— Это дедушка кашляет. Вы не подумайте, он не заразный, — сказал он.
Валуны откатились назад с ее языка, стремительно уменьшаясь в размерах — сначала до придорожных камней, потом до круглых голышей, а там и до песчинок, больно царапавших горло, — и она уже не могла их припомнить.
— Я думала, ты дома один. — Почему-то она перешла на шепот.
— Дедушка вечерами отдыхает.
— Я должна идти.
— Можете к нему заглянуть, поздороваться. Он не спит.
Анна покачала головой, поднимаясь из-за стола.
— Меня уже заждались, — солгала она. — Я… я торт тебе оставлю.
С непонятным чувством стыда она проскользнула мимо черно-белых снимков чужих ей людей — как будто исподтишка подглядела в замочную скважину и увидела интимную, неприкрытую, уязвимую сторону жизни, не предназначенную для ее глаз: незнакомца с лучезарной улыбкой, которого давно уже не было в живых, его неприметную жену-вдову, чьи глаза под бесцветными ресницами вытянулись от скорби, двух долговязых, расфранченных юнцов из прошлого века, которые, быть может, среди позолоты, напыщенности и спокойствия минувших времен предавались дерзновенным мечтам, надеялись стать великими музыкантами, избежать заурядной участи — кончить свои дни по-иному, нежели как прозябая в убогой квартирке унылого дома, мечтая всего лишь дотянуть до чьего-то концерта…

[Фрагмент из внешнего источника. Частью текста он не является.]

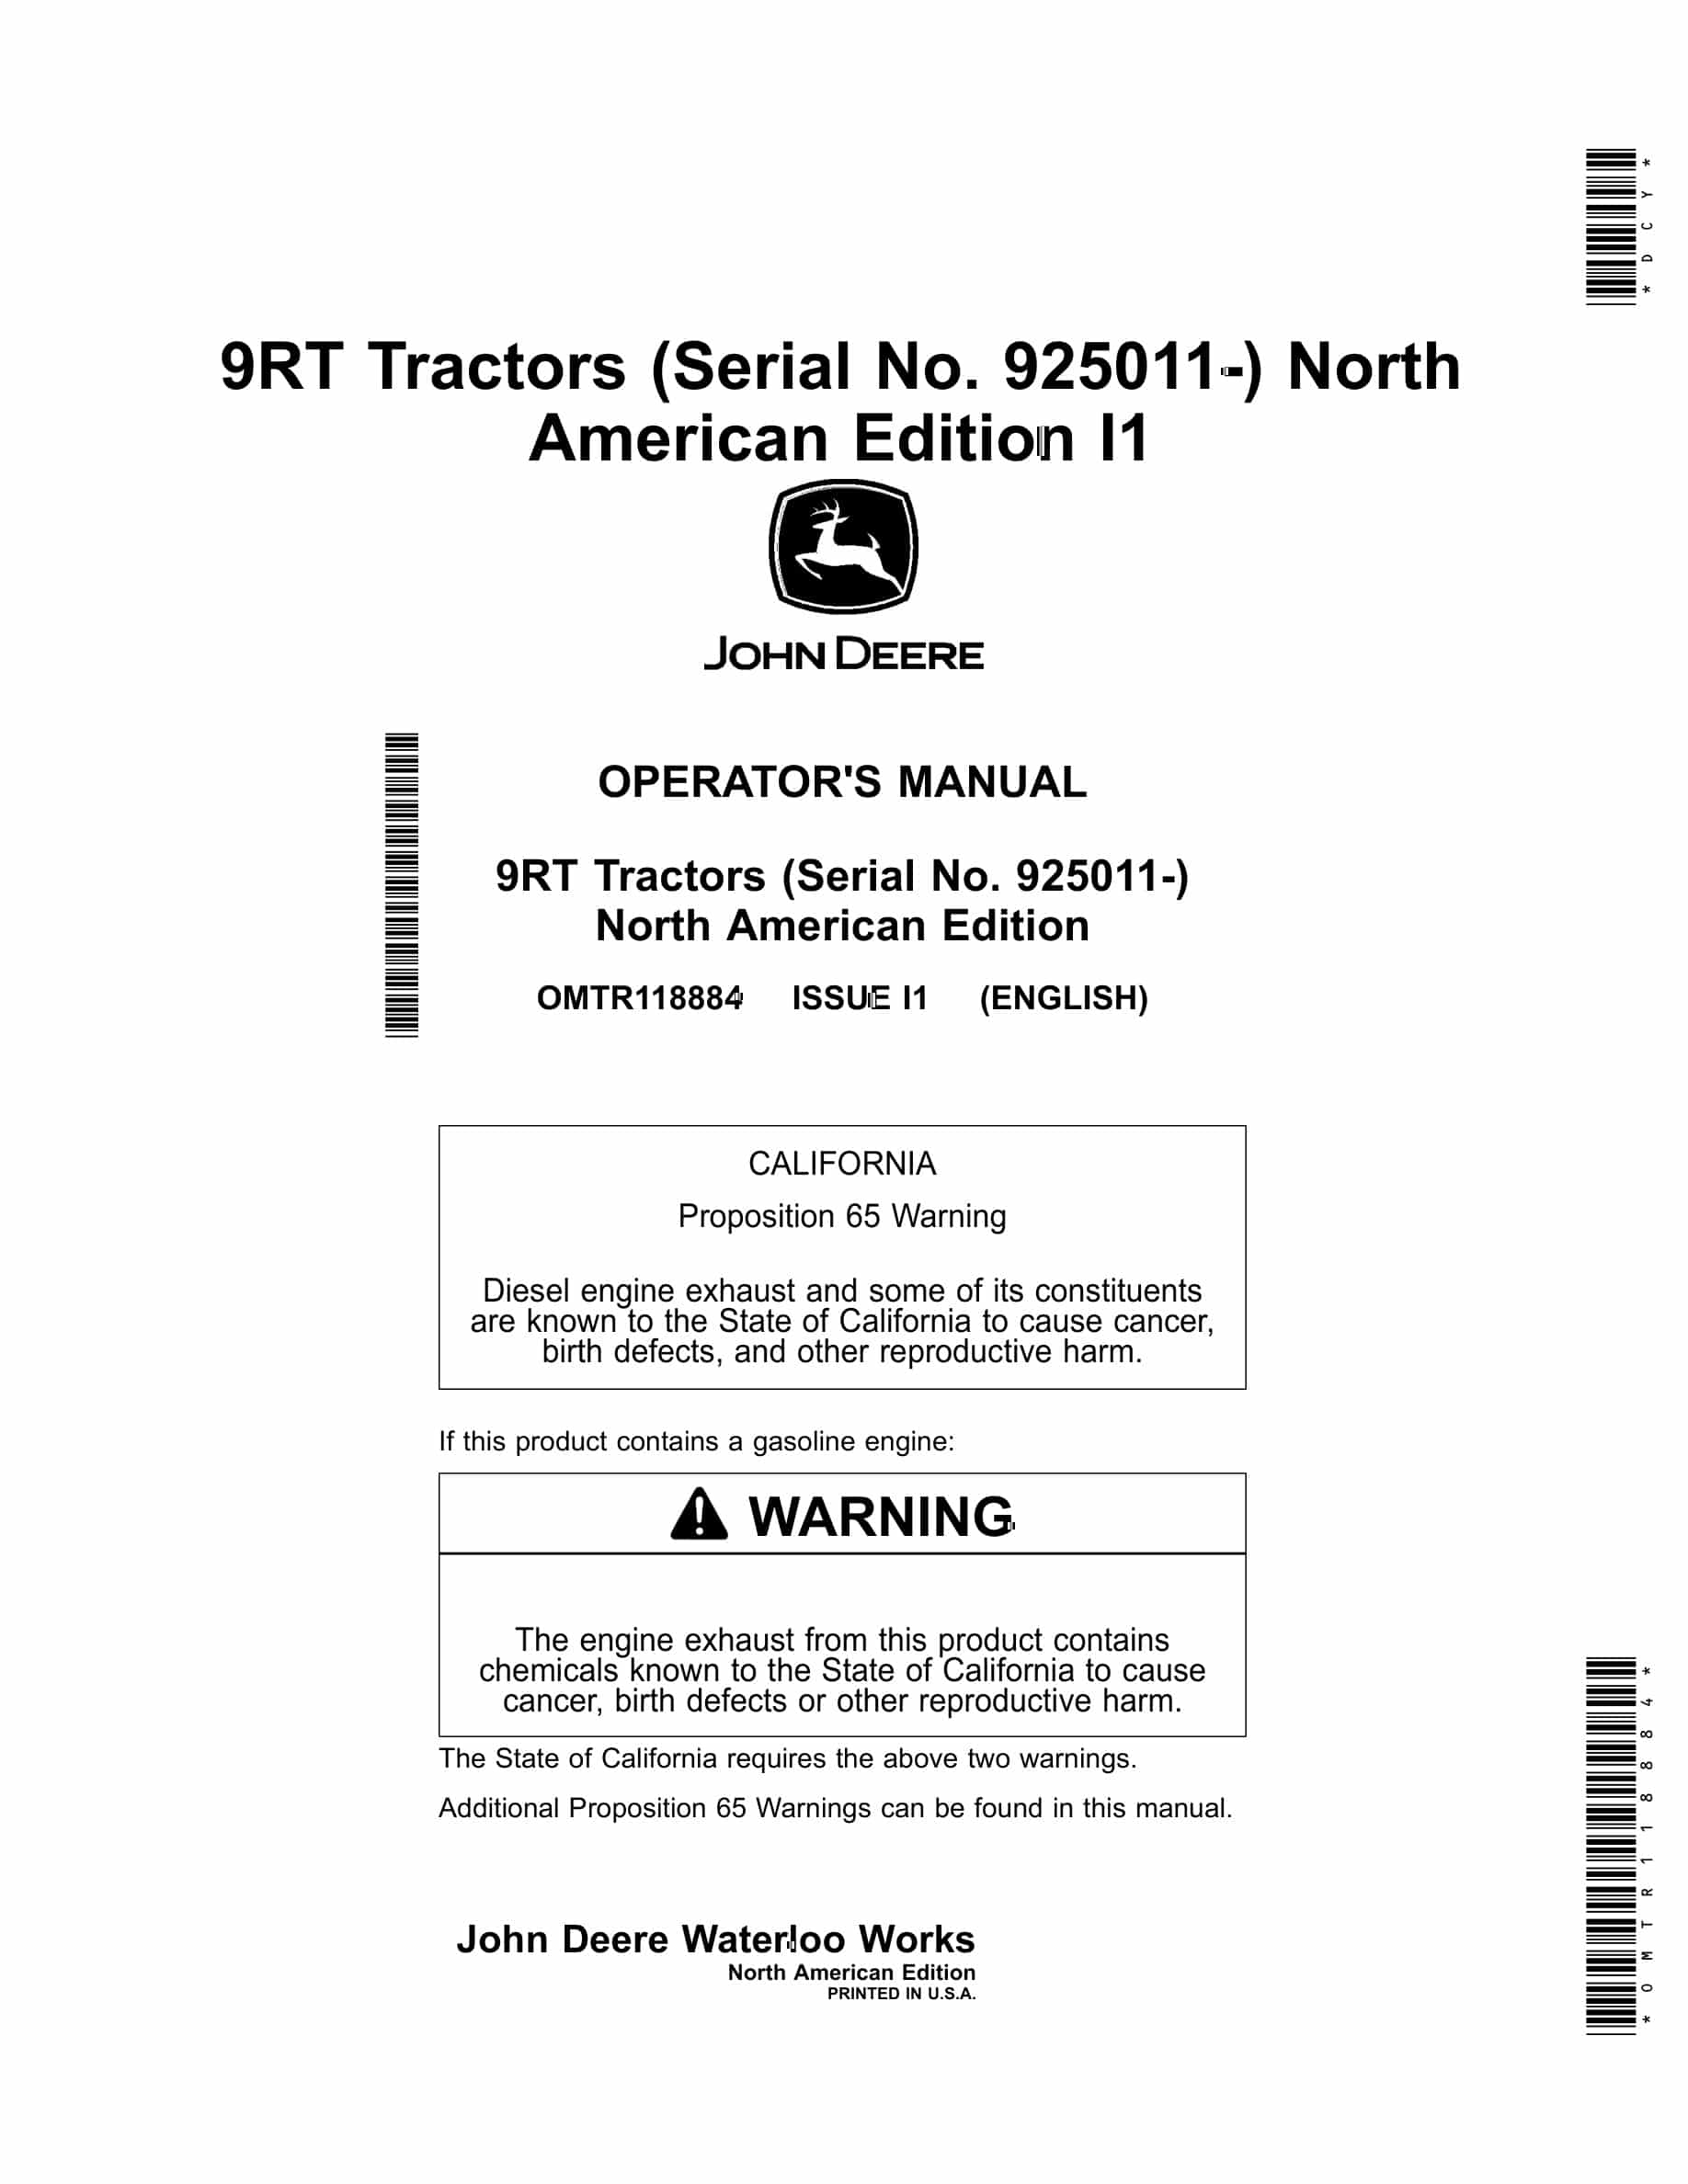 John Deere 9RT Tractor Operator Manual OMTR118884-1

Она двигалась не спеша, но сердце колотилось, словно она от чего-то бежала. Оказавшись на улице, она и в самом деле пустилась бежать — бежать сквозь прозрачный, свежий от зеленых сумерек апрельский вечер, сквозь легкие, чистые запахи, которые с неистовой, бессловесной настойчивостью цепляли ее за волосы, за одежду, за самое сердце. Дома она сразу бросилась в спальню и там, подгоняемая жгучим нетерпением, долго рылась в ящике комода, раскидывая вещи с нарастающей досадой, пока наконец не извлекла из-под слежавшегося слоя шерстяных чулок пожелтевшую фотографию, которая свободно умещалась на ладони. Она сомкнула пальцы над снимком, осторожно погладила плотный картон.
— Большая семья и множество знакомых с отцовской стороны, — нерешительно повторила она вслух, будто проверяя истинность этих слов.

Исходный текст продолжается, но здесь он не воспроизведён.